The Southern Genealogist's Exchange Quarterly
Author:
Publisher:
Published: 1996
Total Pages: 744
ISBN-13:
DOWNLOAD EBOOKRead and Download eBook Full
Author:
Publisher:
Published: 1996
Total Pages: 744
ISBN-13:
DOWNLOAD EBOOKAuthor: Cornelia Wendell Bush
Publisher: Cornelia Wendell Bush
Published: 2006
Total Pages: 640
ISBN-13: 9781597150255
DOWNLOAD EBOOKPersons with the surname McRae, or several variations thereof, are listed by state. Information was taken mainly from U.S. censuses from 1790 to 1850.
Author: Barbara Carlsson Samuels
Publisher:
Published: 1989
Total Pages: 226
ISBN-13:
DOWNLOAD EBOOKAuthor: National Archives Trust Fund Board (U.S.)
Publisher:
Published: 1979
Total Pages: 112
ISBN-13:
DOWNLOAD EBOOKAuthor: United States. National Archives and Records Service
Publisher:
Published: 1971
Total Pages: 116
ISBN-13:
DOWNLOAD EBOOKAuthor: Margarette Hall Wood
Publisher:
Published: 1988
Total Pages: 402
ISBN-13:
DOWNLOAD EBOOKJohn James Hall was born ca. 1844 in Alabama.
Author: Swannee Bennett
Publisher: University of Arkansas Press
Published: 2021-02-11
Total Pages: 817
ISBN-13: 168226131X
DOWNLOAD EBOOKVolume I. Quilts and textiles, Ceramics, Silver, Weaponry, Furniture, Vernacular architecture, Native American art -- volume II. Photography, Fine art.

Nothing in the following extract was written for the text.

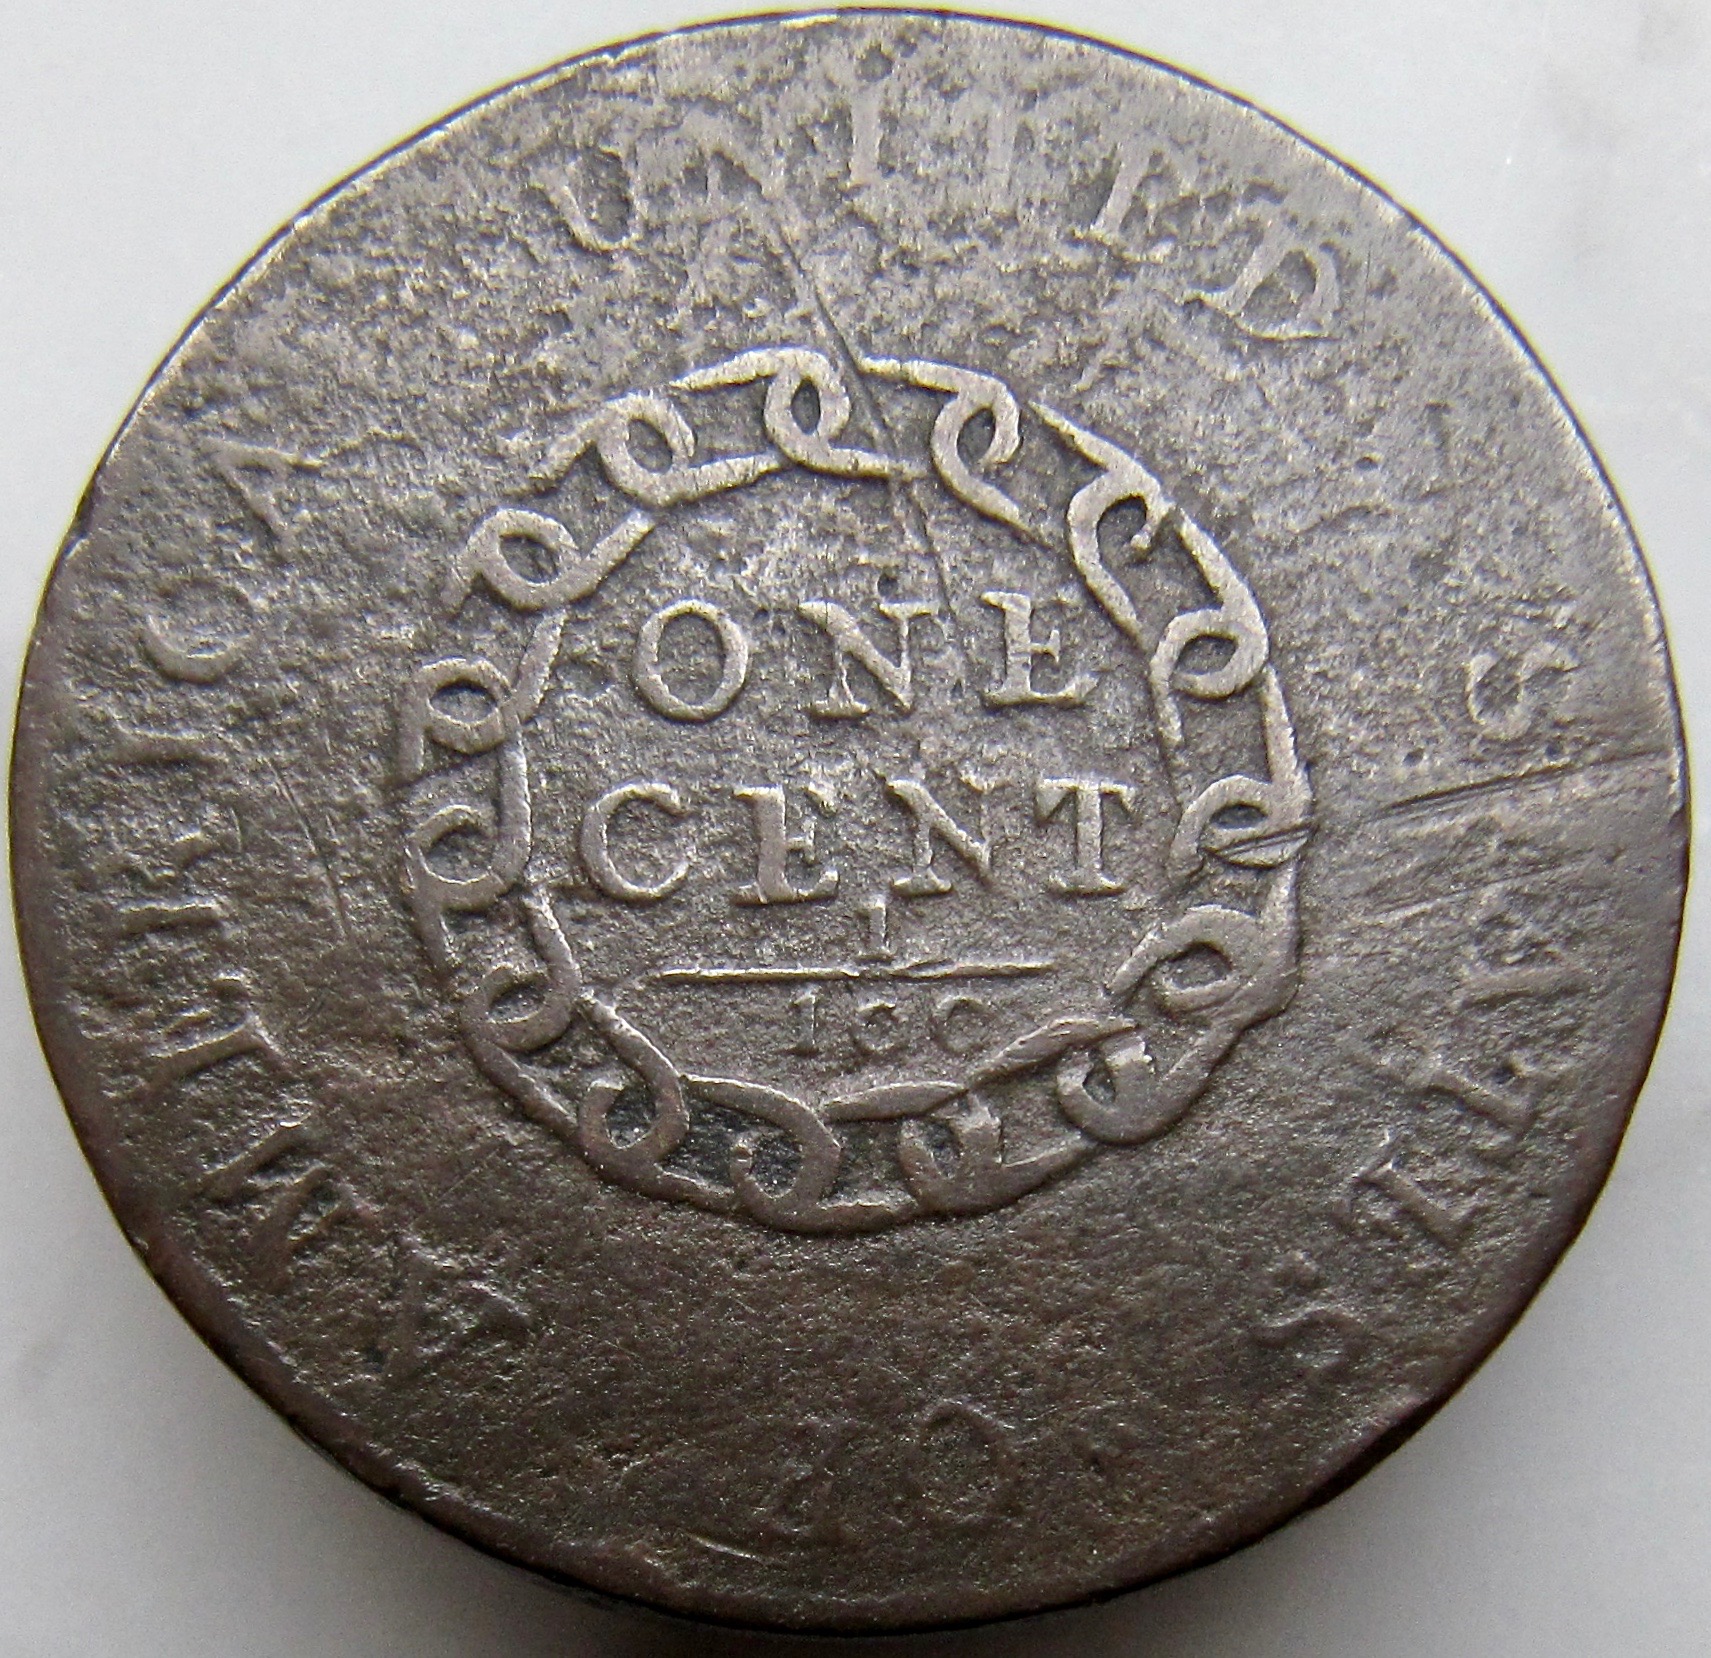 1793 Chain cent REV2 N quite good pic - 1.jpg

Author: Robert Wesley Anglea
Publisher:
Published: 1991
Total Pages: 432
ISBN-13:
DOWNLOAD EBOOKHistory of unrelated Anglea (Angel, Angle, Angell, etc.) families throughout Virginia, North Carolina, Tennessee, Kentucky, South Carolina, Maryland, and Georgia.
Author: New York Public Library. Research Libraries
Publisher:
Published: 1979
Total Pages: 558
ISBN-13:
DOWNLOAD EBOOKAuthor: Altina L. Waller
Publisher: UNC Press Books
Published: 2012-12-01
Total Pages: 334
ISBN-13: 1469609711
DOWNLOAD EBOOKThe Hatfield-McCoy feud, the entertaining subject of comic strips, popular songs, movies, and television, has long been a part of American folklore and legend. Ironically, the extraordinary endurance of the myth that has grown up around the Hatfields and McCoys has obscured the consideration of the feud as a serious historical event. In this study, Altina Waller tells the real story of the Hatfields and McCoys and the Tug Valley of West Virginia and Kentucky, placing the feud in the context of community and regional change in the era of industrialization. Waller argues that the legendary feud was not an outgrowth of an inherently violent mountain culture but rather one manifestation of a contest for social and economic control between local people and outside industrial capitalists -- the Hatfields were defending community autonomy while the McCoys were allied with the forces of industrial capitalism. Profiling the colorful feudists "Devil Anse" Hatfield, "Old Ranel" McCoy, "Bad" Frank Phillips, and the ill-fated lovers Roseanna McCoy and Johnse Hatfield, Waller illustrates how Appalachians both shaped and responded to the new economic and social order.